Provided data:
——————————
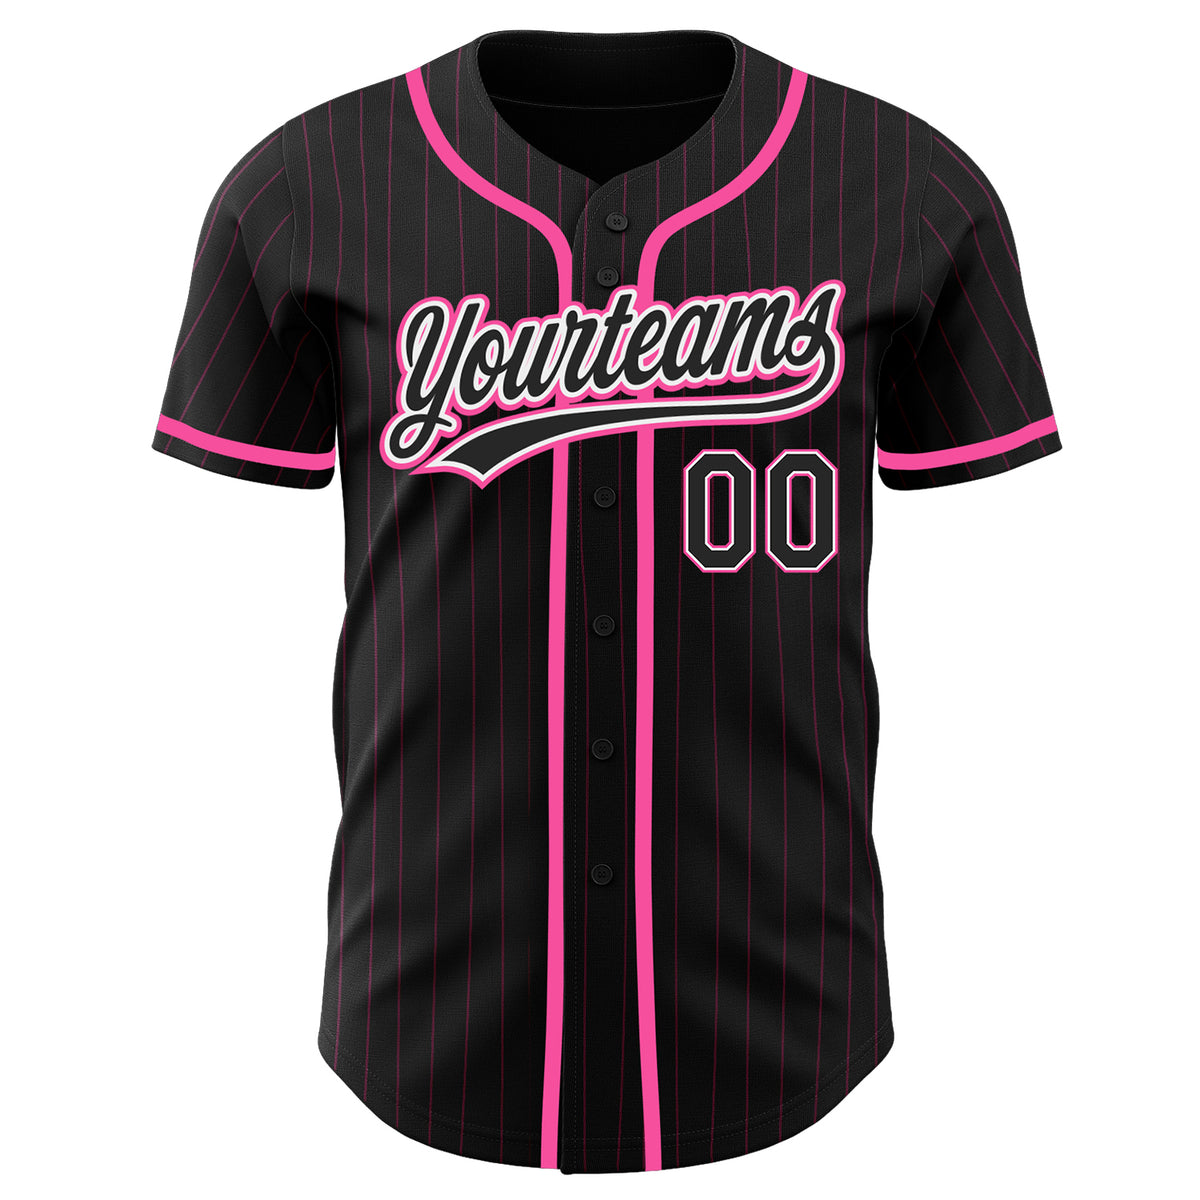 Shop black with white pinstripe baseball button jersey for women from our  clothing and apparel online shopping store
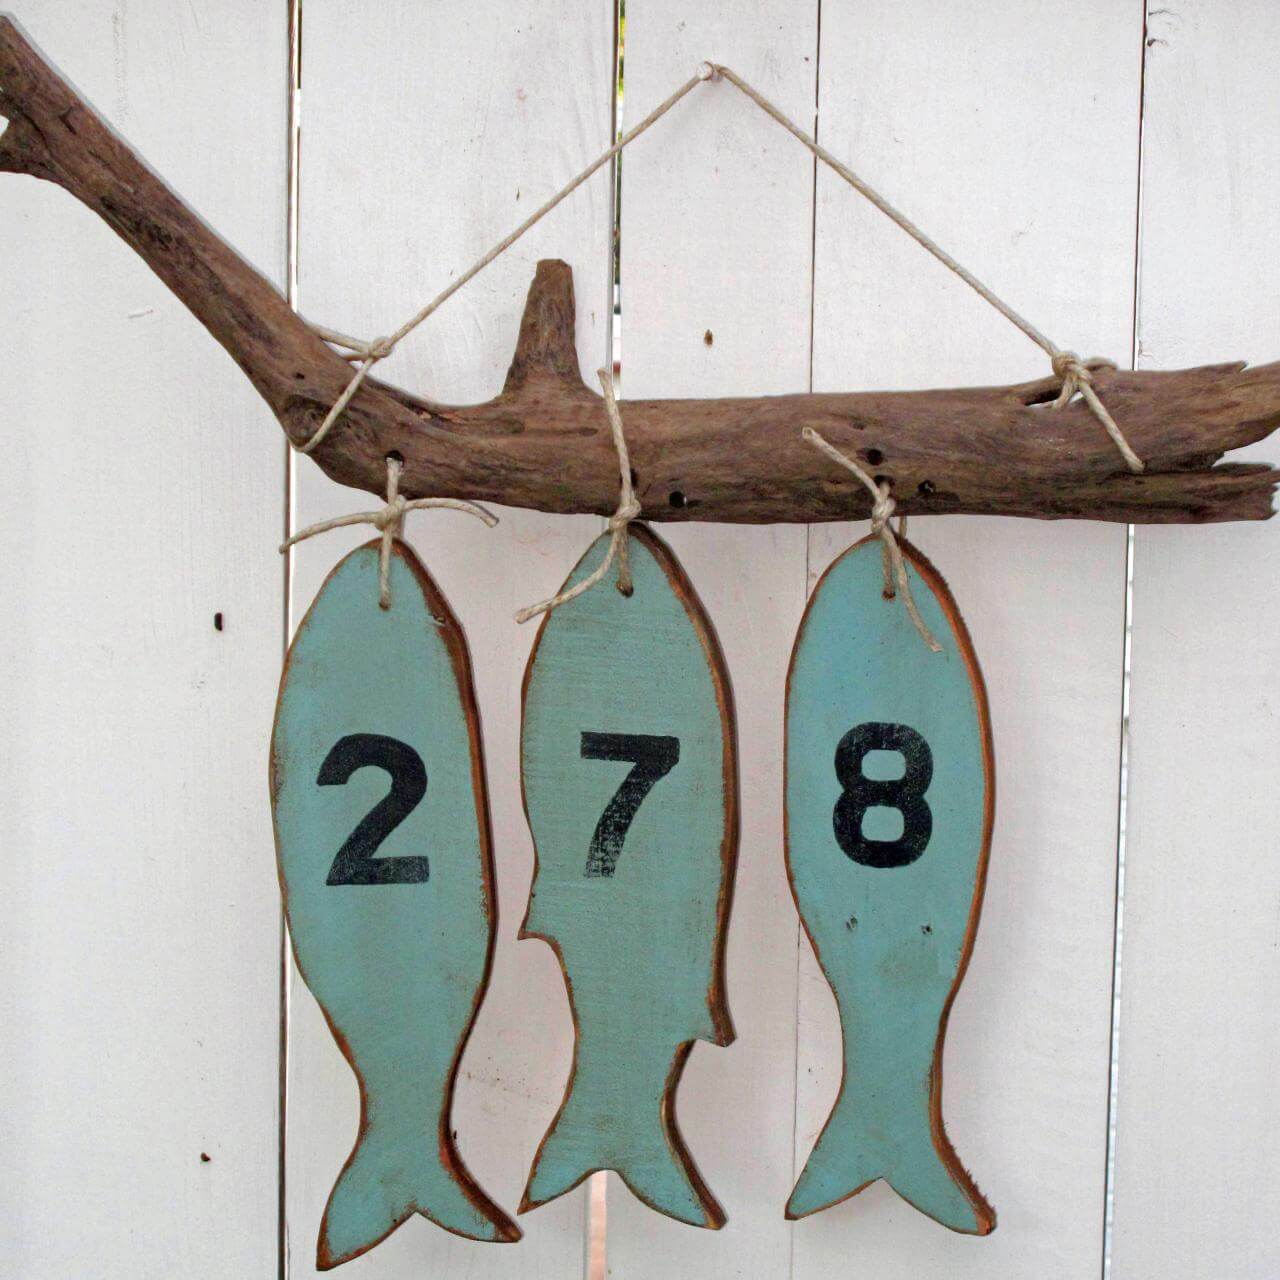 Rustic Branch with a Hanging Fish Display
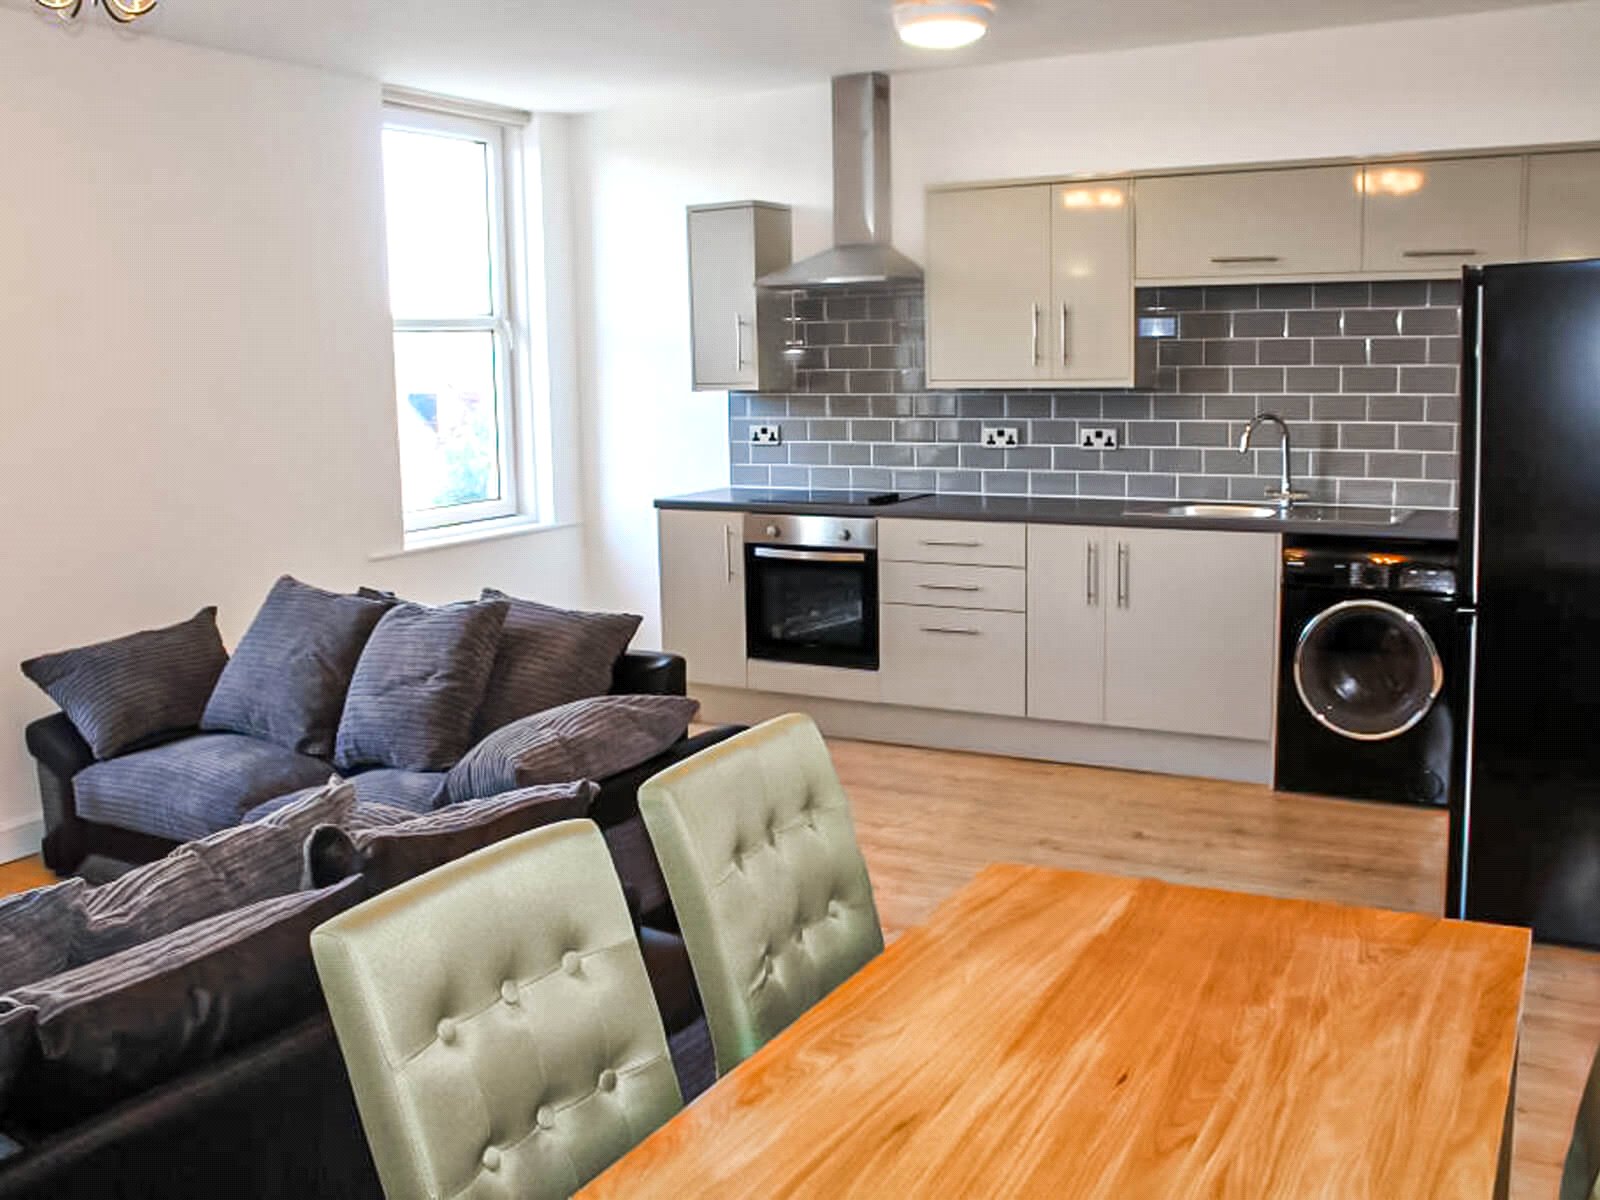 2 bed apartment for rent in Harrogate. From YPP - Leeds
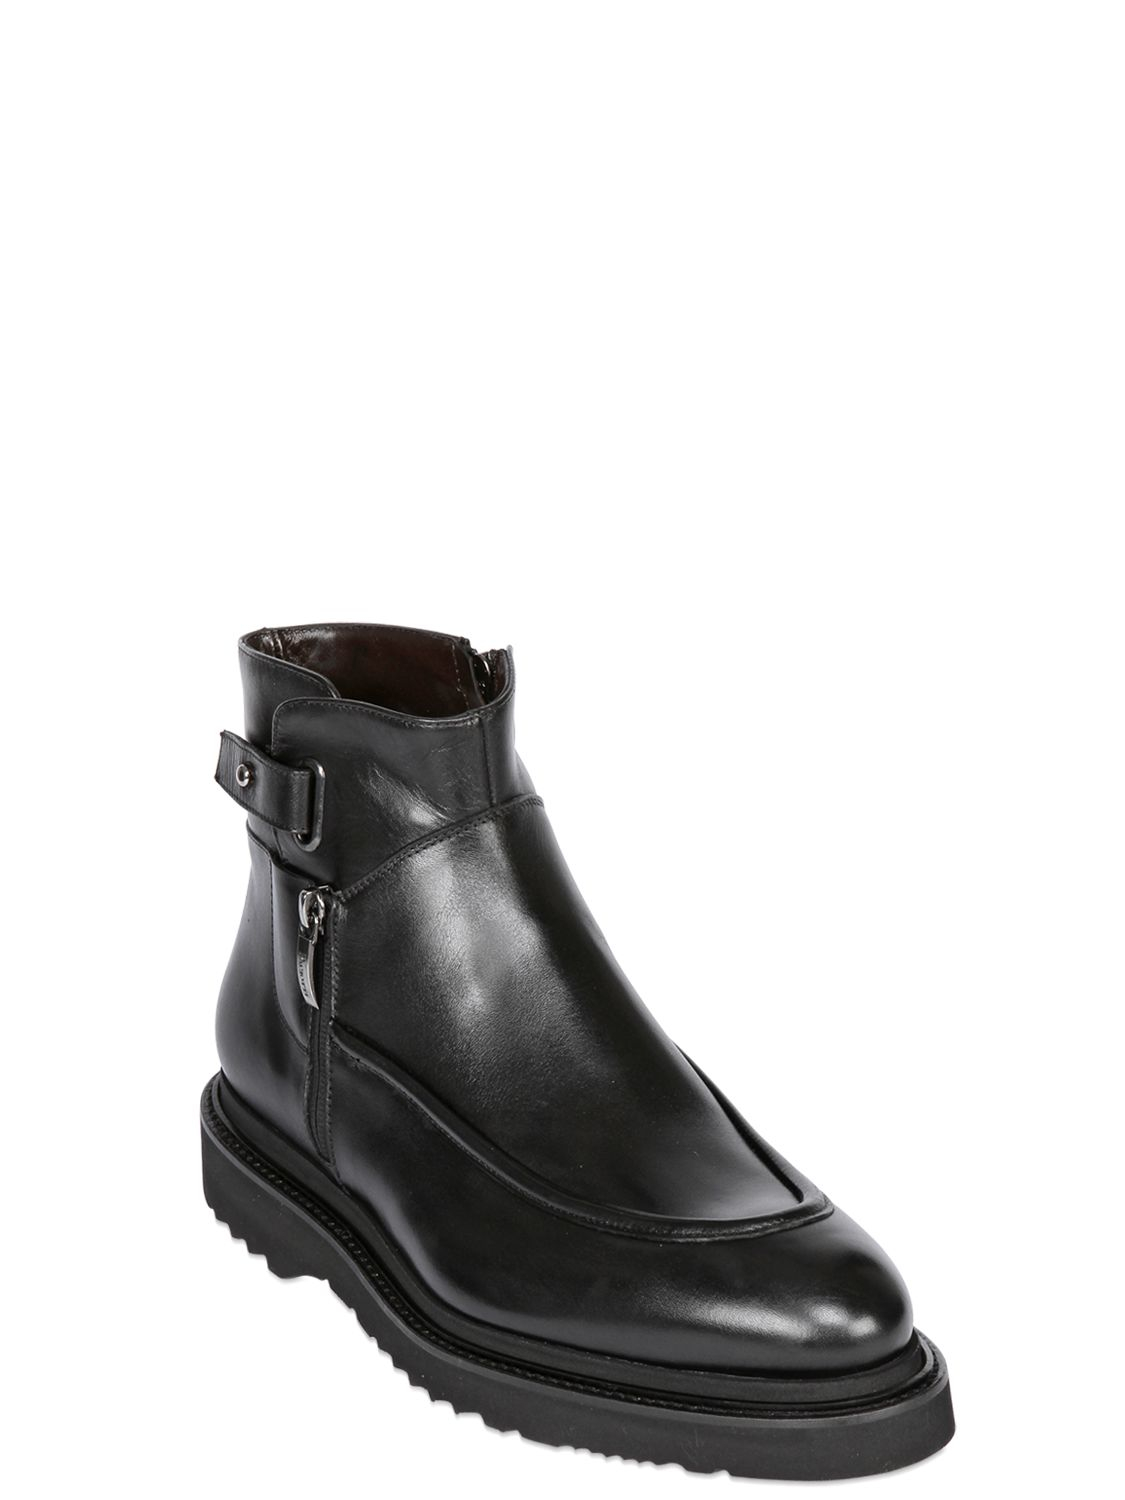 Lyst - Cesare paciotti Zipped Leather Boot in Black for Men
——————————
What to produce: Please set down the data above exactly as given, leaving every picture out.

Answer box:
 Shop black with white pinstripe baseball button jersey for women from our  clothing and apparel online shopping store
 Rustic Branch with a Hanging Fish Display
 2 bed apartment for rent in Harrogate. From YPP - Leeds
 Lyst - Cesare paciotti Zipped Leather Boot in Black for Men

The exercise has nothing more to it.